Максим Кантор - Учебник рисования
— Идиот, — сказал Струев, — клинический идиот.
— Да, можно сказать и так! — Гриша принял слово «идиот» в качестве антитезы божественной природе художника, — можно сказать, что художник идиот. Шут! Циркач! Пусть так! Все мы — шуты, идиоты и демиурги! Оставим здравый смысл мещанам и партаппаратчикам! Ха-ха!
— А мы с тобой кого потешаем — не мещан разве? Раньше партаппаратчиков, теперь — мещан.
— Хоть Гитлера — не возражаю. Это провокативное искусство, которое будит мысль. И если я разбужу мысль в Гитлере или Сталине — буду доволен, — Гриша почувствовал, что разговор превратился в выяснение отношений. Он хочет показать мне — и себе в первую очередь, — что не зря остался в России. Как же все они, приехав оттуда, стараются, из кожи вон лезут, чтобы держаться независимо. Как они тщатся показать, что нет отличия между жизнью здесь и там. Оправдать свою лень, свою неудачу. Впрочем, что им остается, думал Гузкин. Не стану реагировать, подумал он. Только не поддаться этому развязному тону, не уронить себя. Гриша протянул руку к сигарам — порой имеет смысл закурить: дымовая завеса между собеседниками помогает. Да и сигареты Струева раздражали его; если уж в комнате накурено, пусть это будет благородный табак
— У тебя этот навозный рояль разбудил мысли, Гриша?

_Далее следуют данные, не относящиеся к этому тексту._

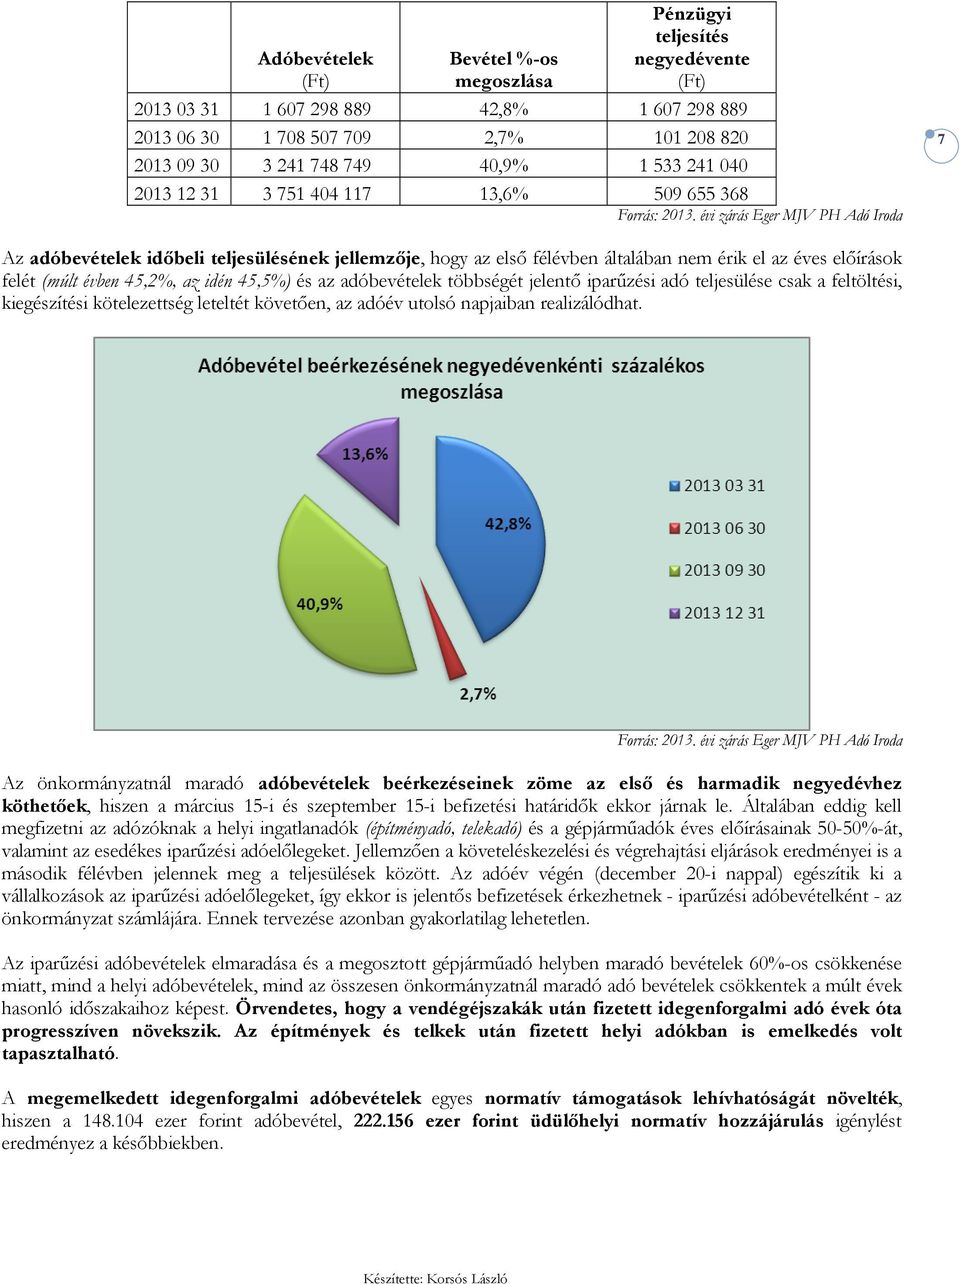 idén 45,5%) és az adóbevételek többségét jelentı iparőzési adó teljesülése csak a feltöltési, kiegészítési kötelezettség leteltét követıen, az adóév utolsó napjaiban realizálódhat.

— Безусловно, перформанс натолкнул на размышления. Многое можно сказать, — сказал Гузкин неторопливо; он достал из хьюмидора красного дерева (подарок Сары Малатеста) превосходную «Гавану» (подарок Алана де Портебаля), обрезал сигару серебряной гильотинкой (подарок барона фон Майзеля), помял и покатал в пальцах, — очень многое можно сказать. Океан ассоциаций и параллелей. Безусловно, — он раскурил сигару. — Пых-пых. Разное приходит на ум. В частности, Гастон показал, что взаимодействие искусства и природы (т. е. музыки и навоза) невозможно. Полноценный продукт нельзя получить. Трудно слушать такую музыку.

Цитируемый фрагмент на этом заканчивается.